Your local haproxy instance (or maybe just use 2 - one on one internet connection and the other one on the other internet connection so you don’t have to figure out of to handle two internet connections on one server - even if it’s doable, see the default route configuration proposed above).

Depending on your web browser support, either use the proxy protocol or HTTP headers to make your application aware of the original protocol (HTTP or HTTPS) and source IP.

Thanks for advices very much. Your proposal makes sense. The trickest part will be to make networking on local HAproxy server(s) OR local web servers thant single network adapter could understand both gateways. I never did that.

And what about the traffic? If I forward visits from DC HAproxy, does this traffic is counted by DC? For example a single visit to the website uses 5MB (user download 5MB to view a website). So in this situation, does all 5MB is counted by DC, or only just a small fraction is counted for redirection?
I ask that because, if I buy virtual machine in datacenter the plan usualy has limitation for traffic. Let’s say 10TB per month.
I understand that both my ISP will count traffic, but what about a DC?

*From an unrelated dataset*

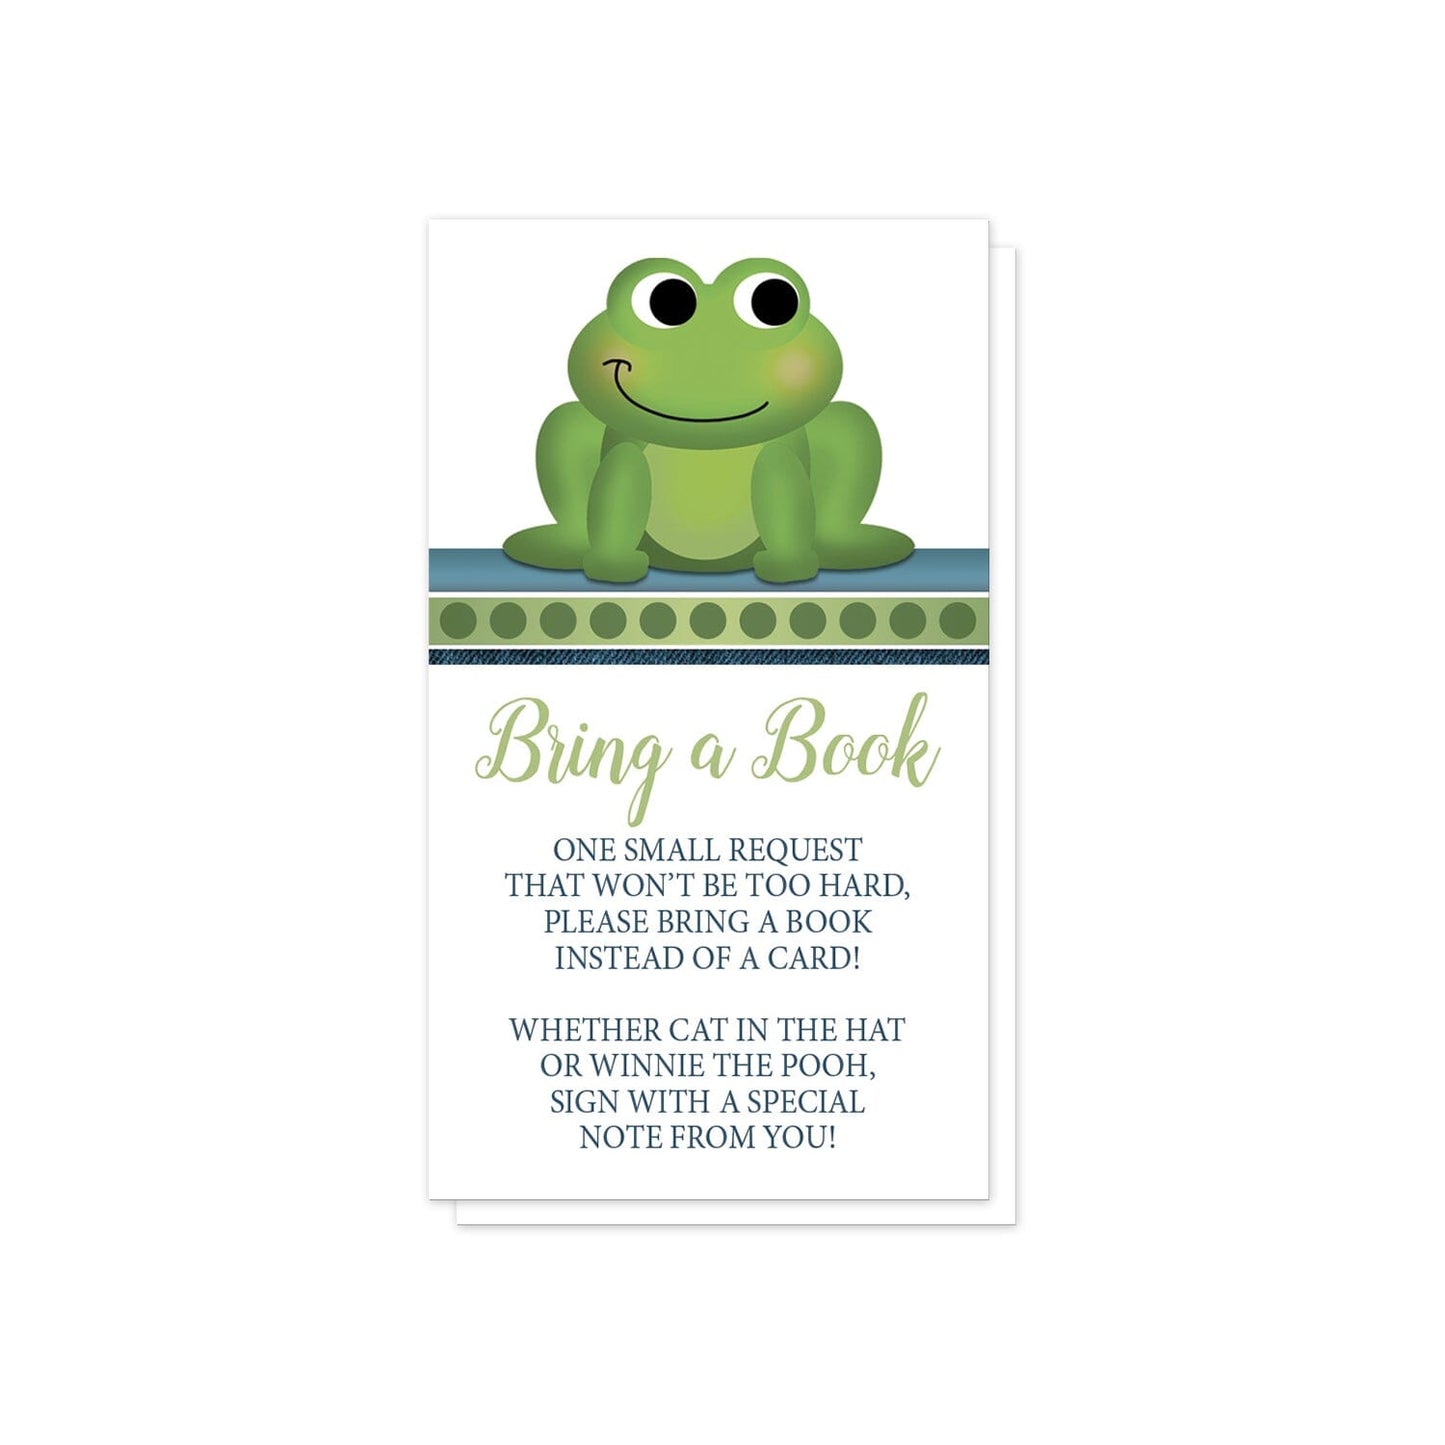 Cute Frog Green Rustic Blue Bring a Book Cards at Artistically Invited. Cute frog green rustic blue bring a book cards with a happy and adorable green frog on a blue, green polka dot, and thin blue denim stripe at the top of the cards. Your book request details are printed in green and blue on white below the cute frog.

Like I said either make two haproxy instances, each one pointing to either one or the other ISPs, or use a source-based default gateway configuration as suggested above.

If the users request a 5MB webpage, you datacenter will charge you for 5MB download (from the origin server) and 5MB upload (to the client). This is not a redirect, it’s forwarding traffic both ways.

Very thanks for information and your patience. Very appreciated.